- _Available data_

• • •

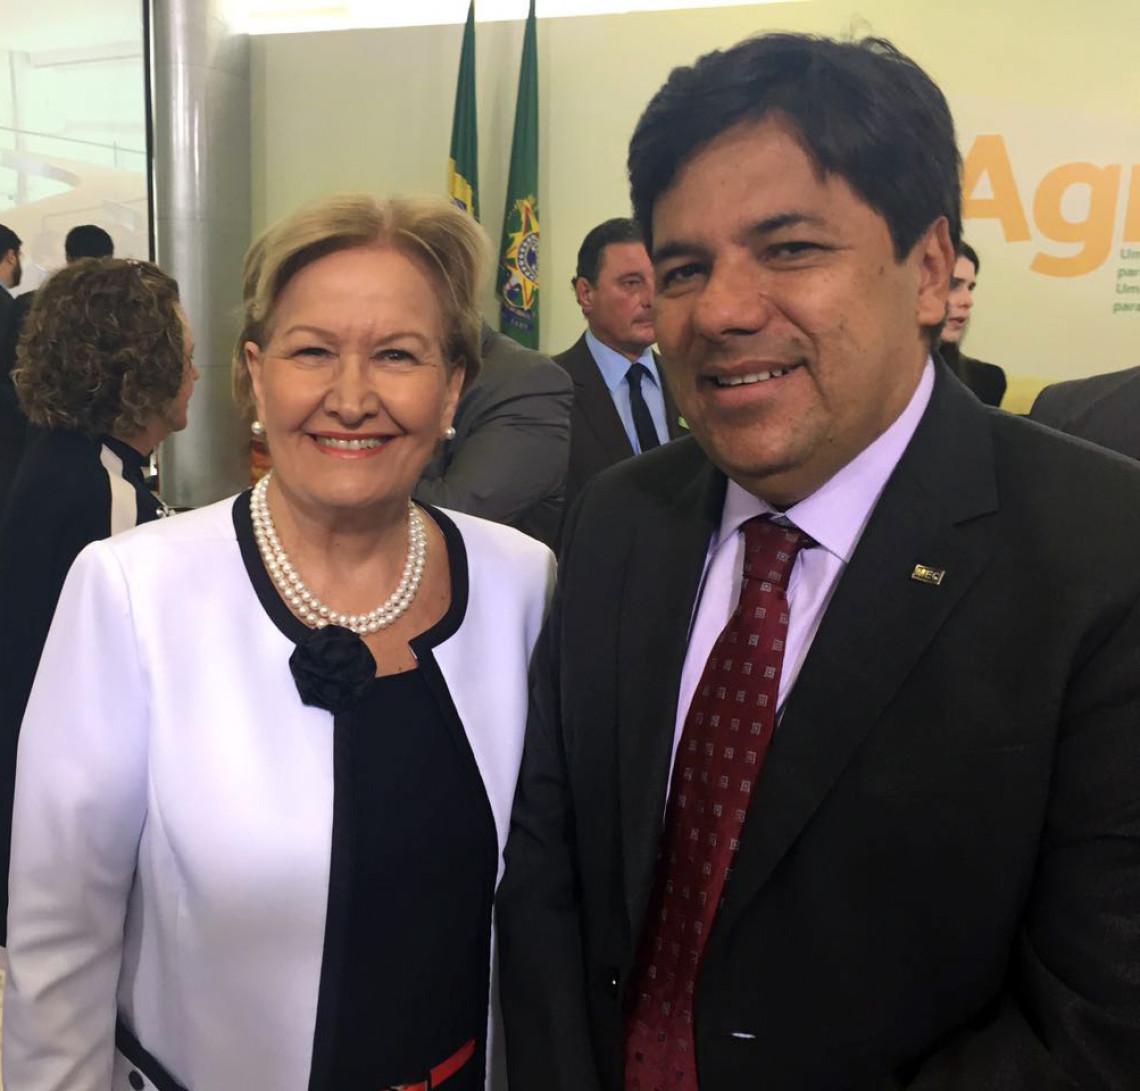 Ministro da Educação promete decisão para os próximos dias em relação ao curso de medicina em Ijuí
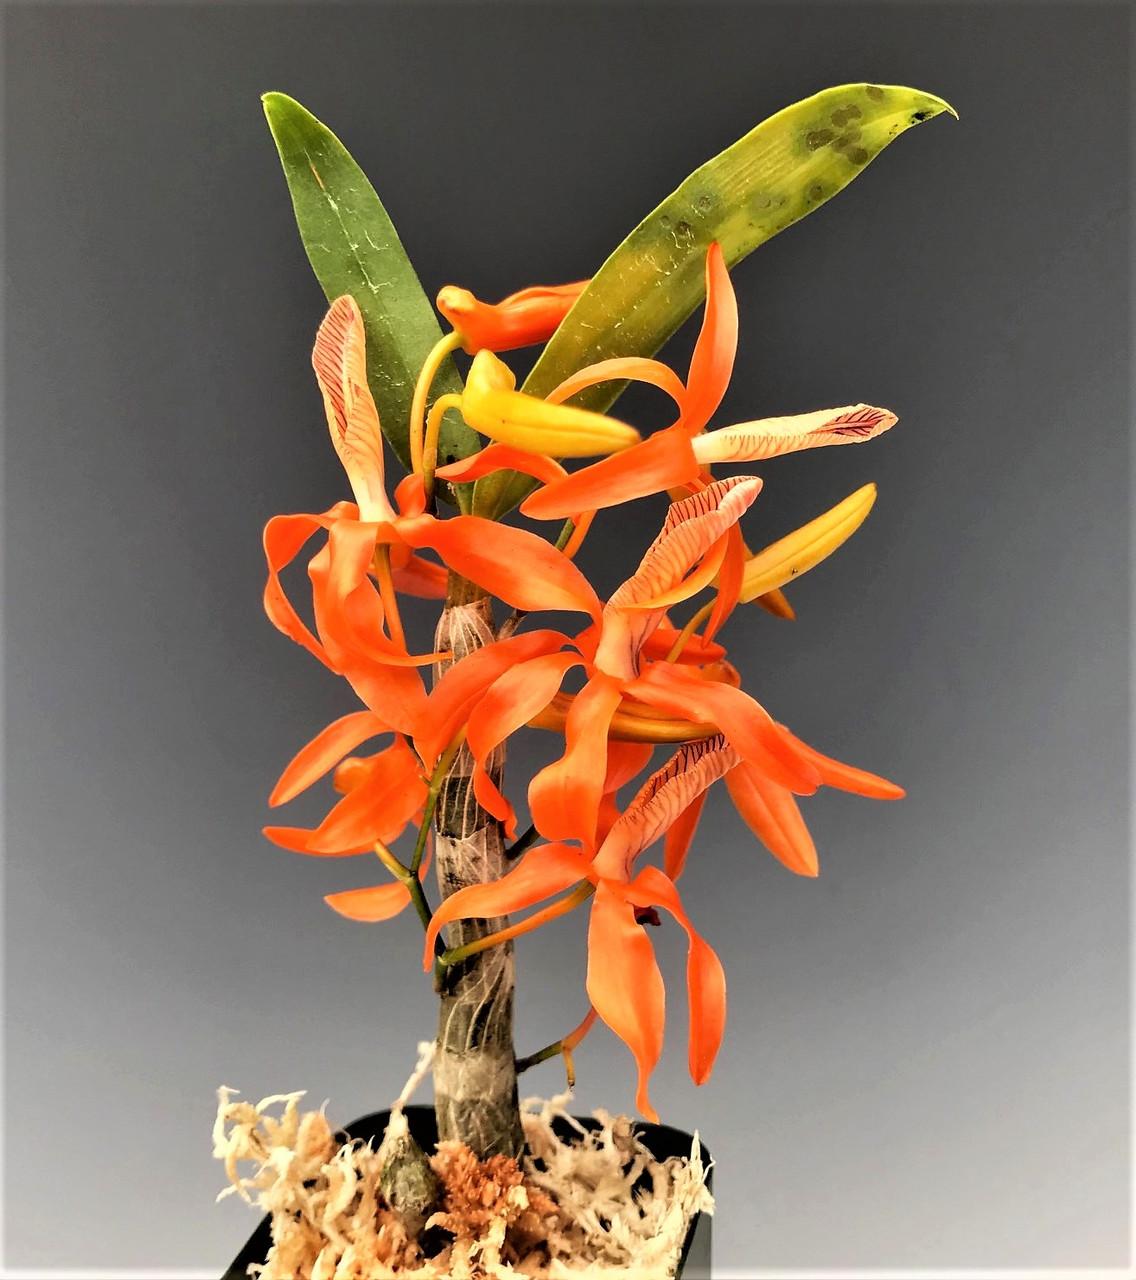 Dendrobium unicum ('Tangerine Tango' x Tangerine Dream' FCC/AOS)
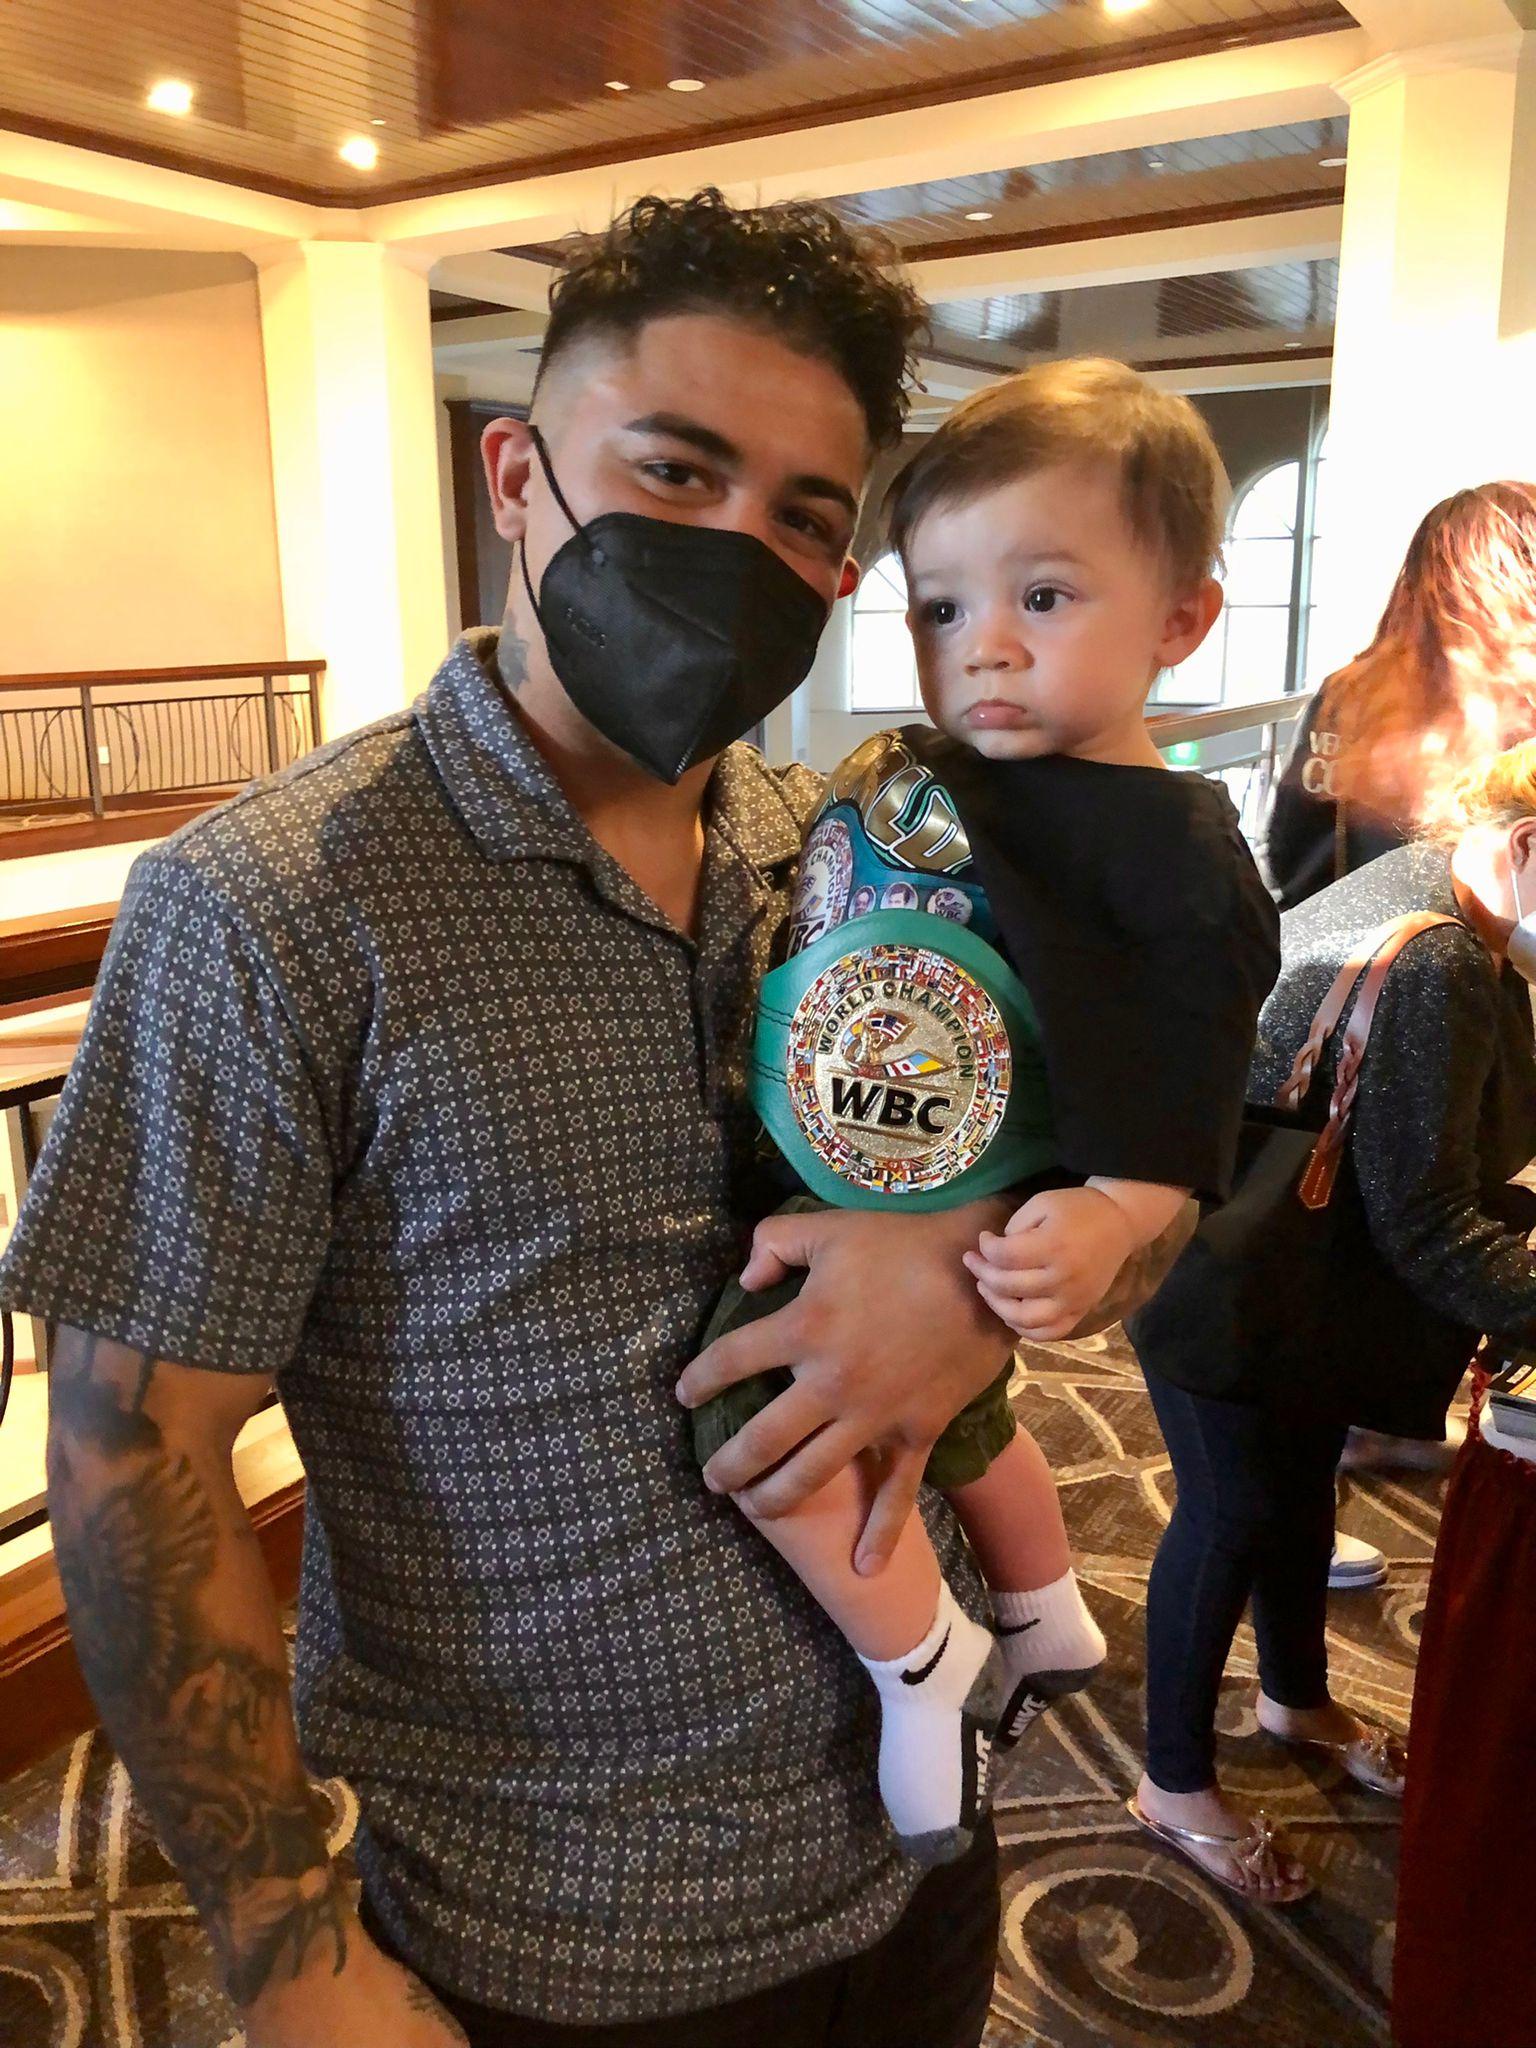 Joseph Díaz receives WBC trainer belt | Boxen247.com (Kristian von Sponneck)
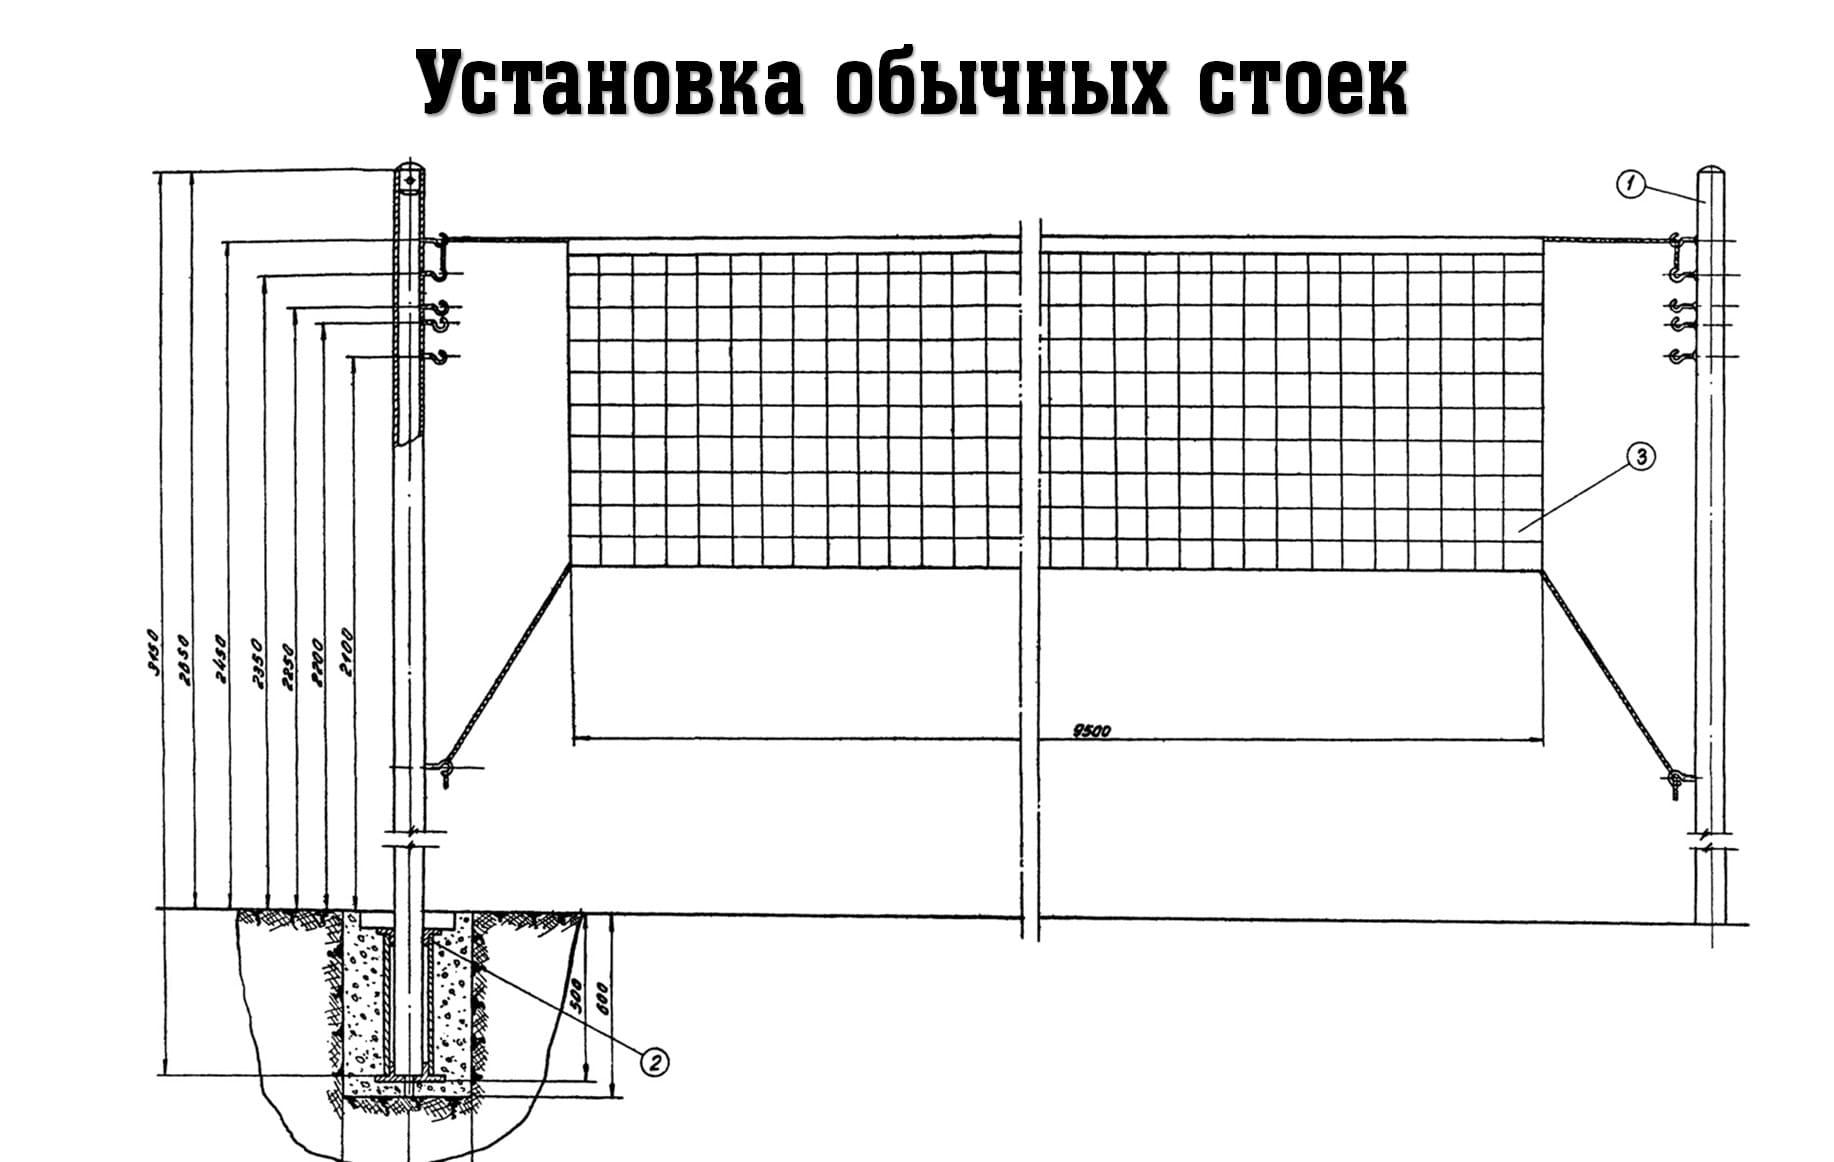 Установка обычной стойки для волейбола- бетонирование схема

• • •

- _Requirement_
Your copy should match the listing exactly, apart from the pictures it leaves out.

- _Solution below_
 Ministro da Educação promete decisão para os próximos dias em relação ao curso de medicina em Ijuí
 Dendrobium unicum ('Tangerine Tango' x Tangerine Dream' FCC/AOS)
 Joseph Díaz receives WBC trainer belt | Boxen247.com (Kristian von Sponneck)
 Установка обычной стойки для волейбола- бетонирование схема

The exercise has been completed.